689 So. 2d 412 | Fla. Dist. Ct. App. | 1997
Gary McClendon (McClendon) appeals, arguing that his judgment must be corrected to reflect that his carjacking is merely a first-degree felony, rather than a first-degree felony punishable by life (PBL). We agree.
McClendon negotiated a plea
Carjacking while unarmed is merely a first-degree felony. § 812.133(2)(b), Fla.Stat. (1995). McClendon’s judgment reflects conviction of a first-degree felony PBL; the information however omits any allegation that McClendon was armed with a deadly weapon during the carjacking. The State correctly concedes that McClendon’s judgment must be corrected to reflect merely a first-degree felony, rather than a first-degree felony PBL. This ministerial change will not change McClendon’s ultimate sentence, because McClendon was sentenced as an habitual violent felony offender. § 775.084(4)(b)l, Fla.Stat. (1995) (the sentence for a first-degree felony may be enhanced to a life sentence upon a finding that the defendant is an habitual violent felony offender, “and such offender shall not be eligible for release for 15 years”).

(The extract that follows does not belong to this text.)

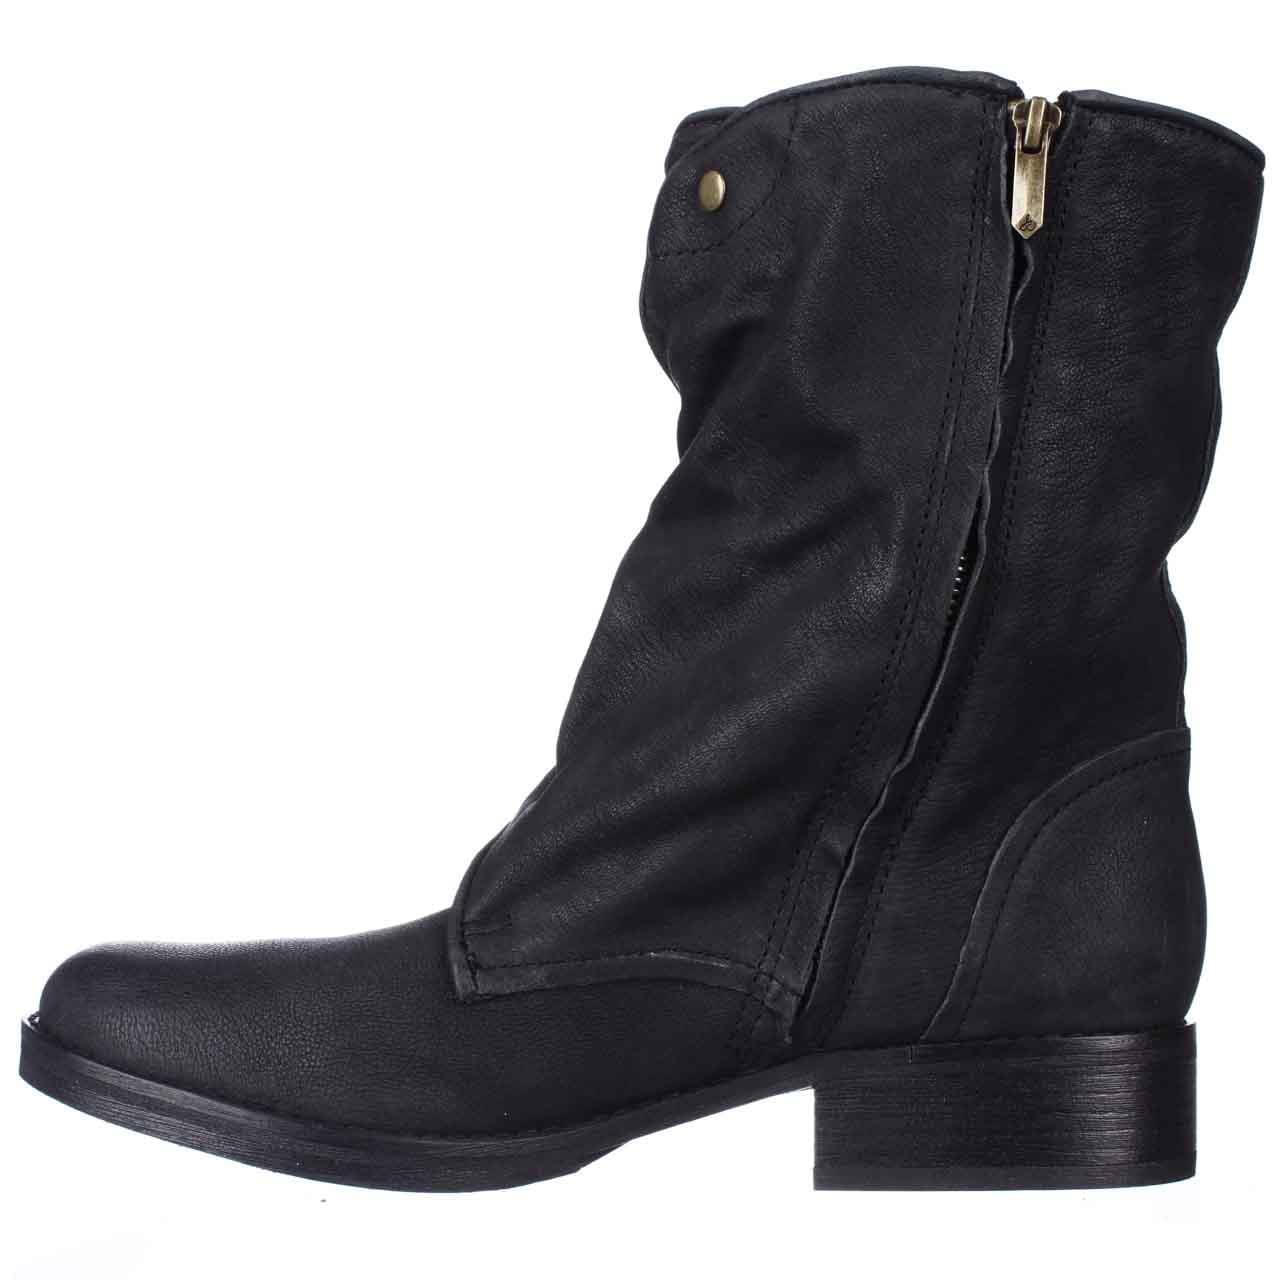 eee10b139a7c Sam Edelman - Womens Sam Edelman Ridge Casual Ankle Boots - Black -  Walmart.com
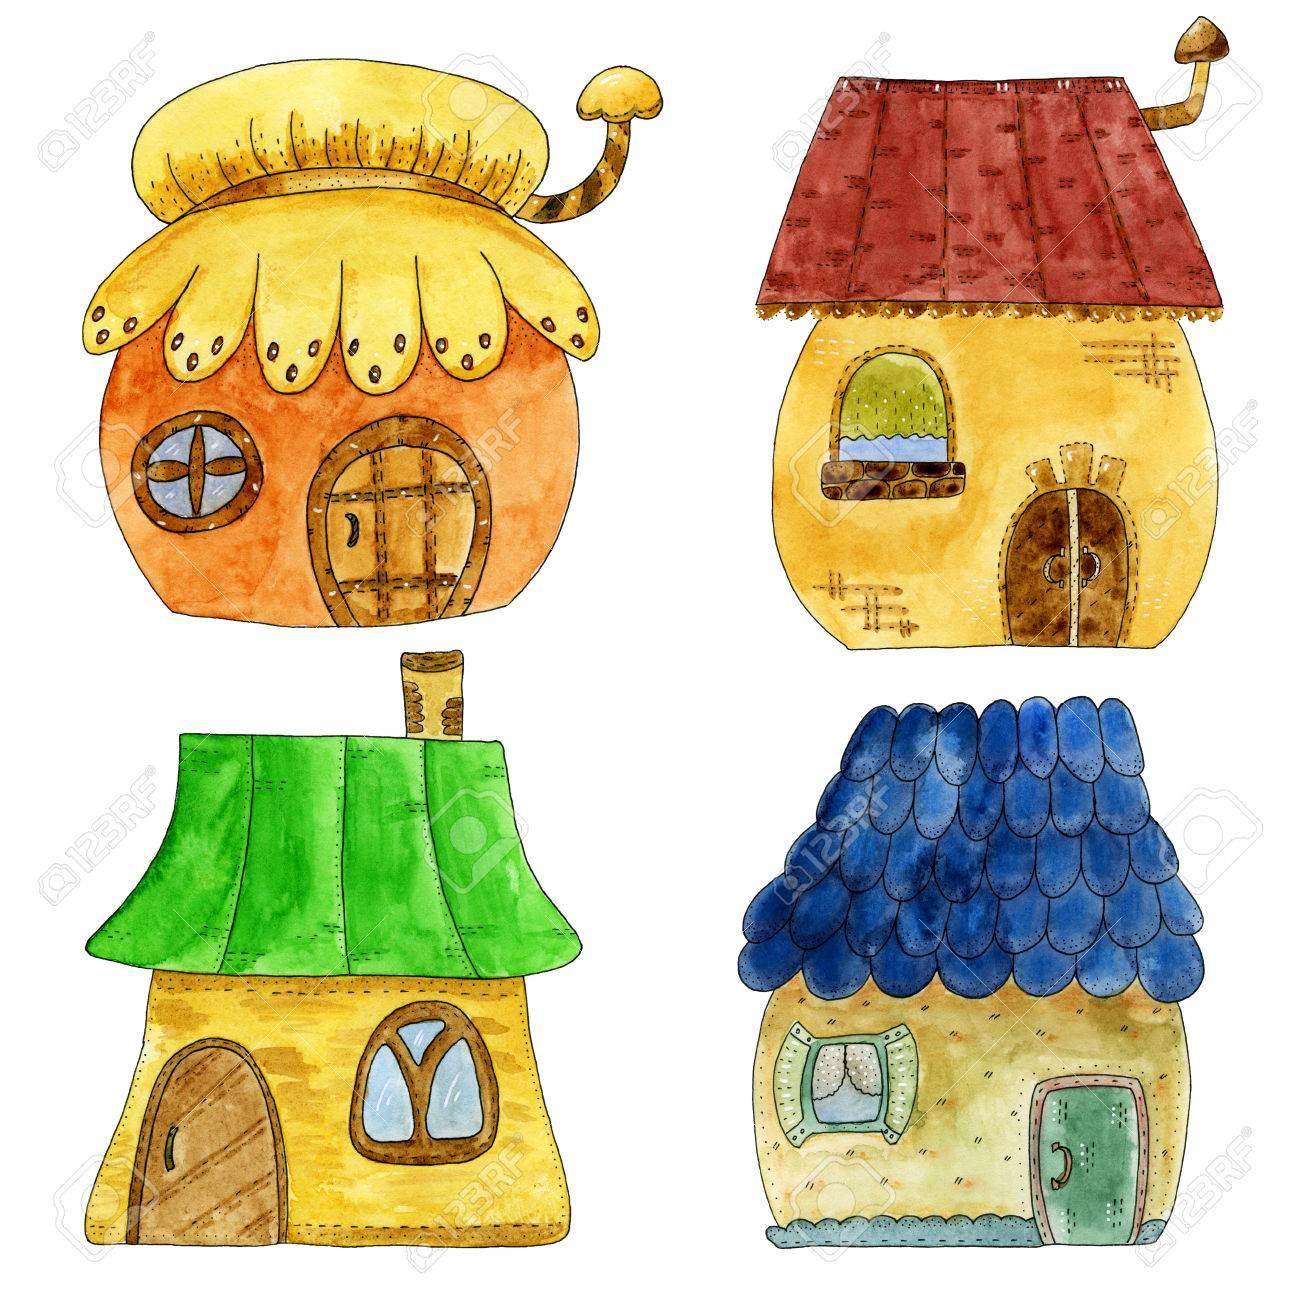 おとぎ話の漫画のスタイルでカラフルなかわいい家水彩の手描きイラスト

McClendon need not be present for the correction of his judgment. Sinks v. State, 661 So.2d 303, 304 (Fla.1995) (reversing for correction of sentence and directing that defendant “does not have to be present for resentencing”); Brown v. State, 670 So.2d 168 (Fla. 1st DCA 1996) (same).
We accordingly affirm McClendon’s convictions and sentences. We nevertheless remand for correction of his judgment.
. The State, in exchange, dropped counts five (kidnapping with a firearm with intent to commit sexual battery), six (battery), and seven (assault with a firearm); McClendon's crimes were committed on March 5 and 8, 1996, against five different victims, at different times and locations, in Duval County.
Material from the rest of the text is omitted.